Où passe la frontière entre le progrès humain orienté vers le bonheur, la justice et la paix, et l’instrumentalisation de l’homme en tant que serviteur des sciences ? Le danger d’une idolâtrie existe aussi à l’intérieur de la démarche de la science. Lorsque la science se dispense de toute critique morale elle risque de devenir l’instrument de la politique. Lorsqu’un parti en vient à gouverner il s’emploie à justifier son action et ne se met à l’évaluer que dès lors qu’il perd le pouvoir.
Le critère du bien et du mal reste l’homme et, si jamais celui-ci entreprend de rendre des comptes, c’est le succès rencontré par son action qui lui sert de critère – il mesurera le succès à sa capacité de dominer et à apporter ce que signifie pour lui bonheur, justice et paix.
Dans l’optique d’une approche religieuse-humaniste, c’est Dieu qui est au centre de la pensée. A la différence de l’option anthropocentrique, le judaïsme en tant que système religieux repose sur une foi théocentrique, monothéiste. Il souligne que le cosmos dans lequel nous vivons a été créé. L’homme en fait partie. Le reconnaître le rend responsable vis-à-vis du créateur. La morale (l’éthique), dans la perspective juive, fait partie de la création, et exprime la volonté du créateur. Elle est l’élément spirituel qui accompagne le monde matériel. L’esprit (âme) et la matière (le corps) sont constitutifs de l’unité de l’être humain. Il en est de même de la nature qui, elle aussi, a une âme (Cf. Lévitique 20,22 : » Tenez mes commandements… afin que le pays ne vous recrache pas « ).
Alors que le savoir scientifique dépend de la raison humaine et de la capacité de penser, la morale religieuse est englobée dans la création et dépend de la révélation de la volonté de Dieu » proposée » à l’homme – proposée et non imposée, l’homme étant capable de choisir entre différentes options. Une créature qui reconnaît le créateur est destinée à l’indépendance, à la liberté. Pour garantir cette liberté il est donné à l’homme un code moral, consigné par des hommes dans la Bible hébraïque, à partir de laquelle sont nés d’autres écrits saints – le Nouveau Testament et le Coran.

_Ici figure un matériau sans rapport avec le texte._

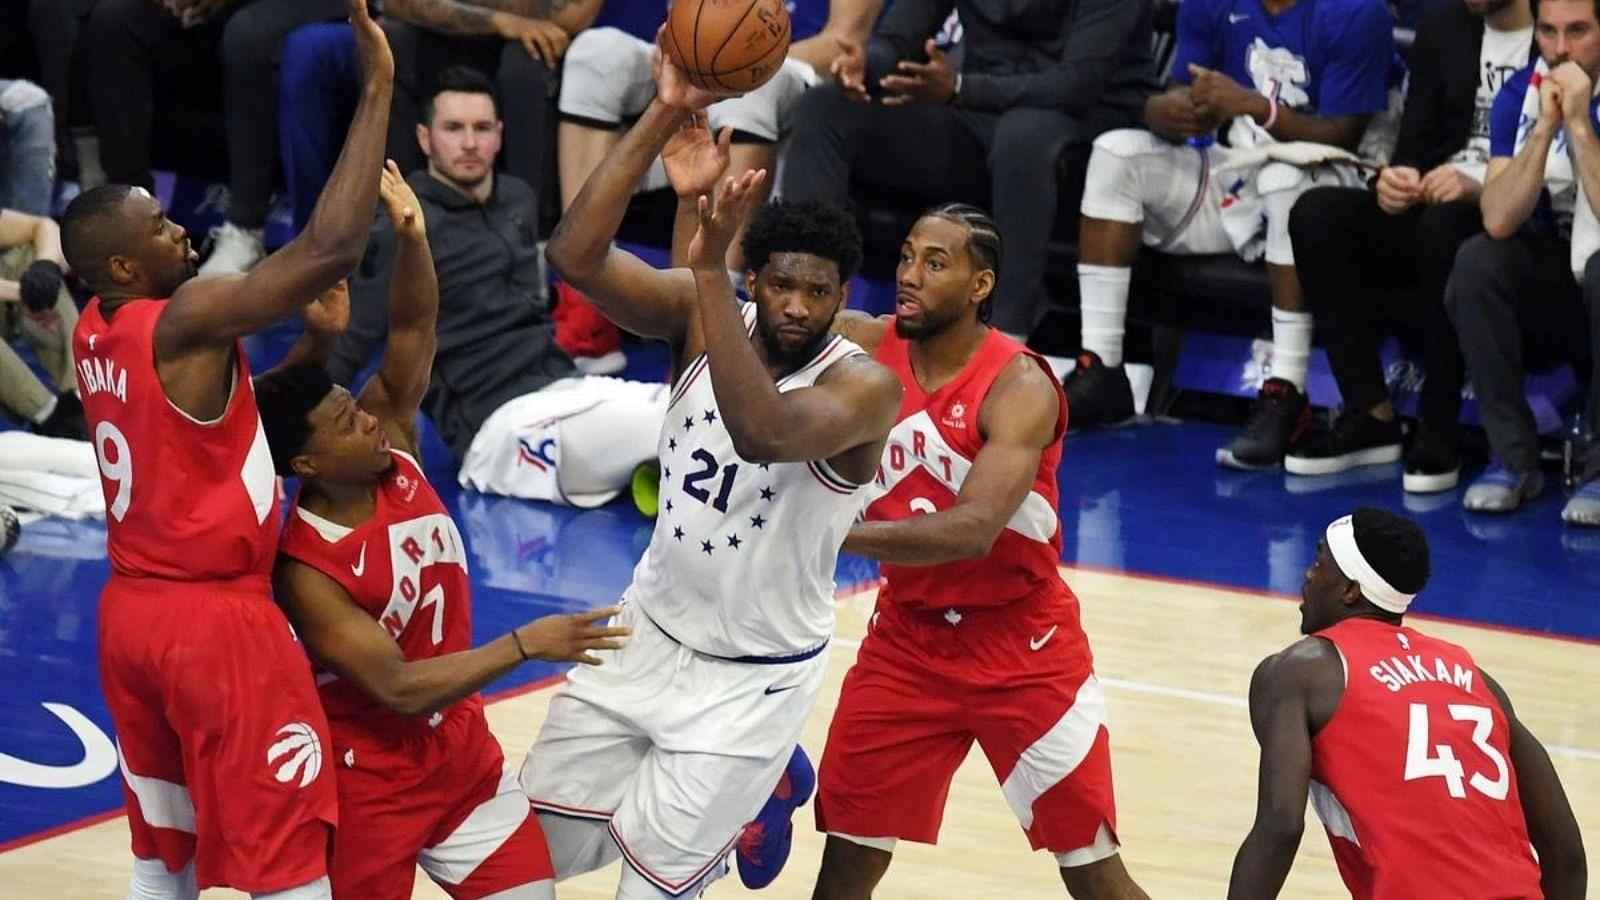 "Toronto Raptors just play reckless, sending three guys on me.." Joel Embiid knows how his first round opponents play, not going to repeat the heartbreak of 2019

Définissons quelques concepts :
L’homme est pécheur – mais capable de se convertir et d’améliorer son devenir. Il lui est demandé de devenir meilleur. S’il s’y refuse, sa destinée est ratée. Le mot hébreu » chet « , transcrit par » péché » désigne aussi dans l’art du tir à l’arc, le fait de rater la cible. L’humain qui rate sa cible peut y revenir par la voie de la conversion. Le triple objectif » Bonheur, justice et paix » ne peut être atteint par un individu isolé, mais seulement par des individus intégrés dans une société humaine. La société aussi doit en avoir conscience – un accord réciproque étant nécessaire à cette perspective.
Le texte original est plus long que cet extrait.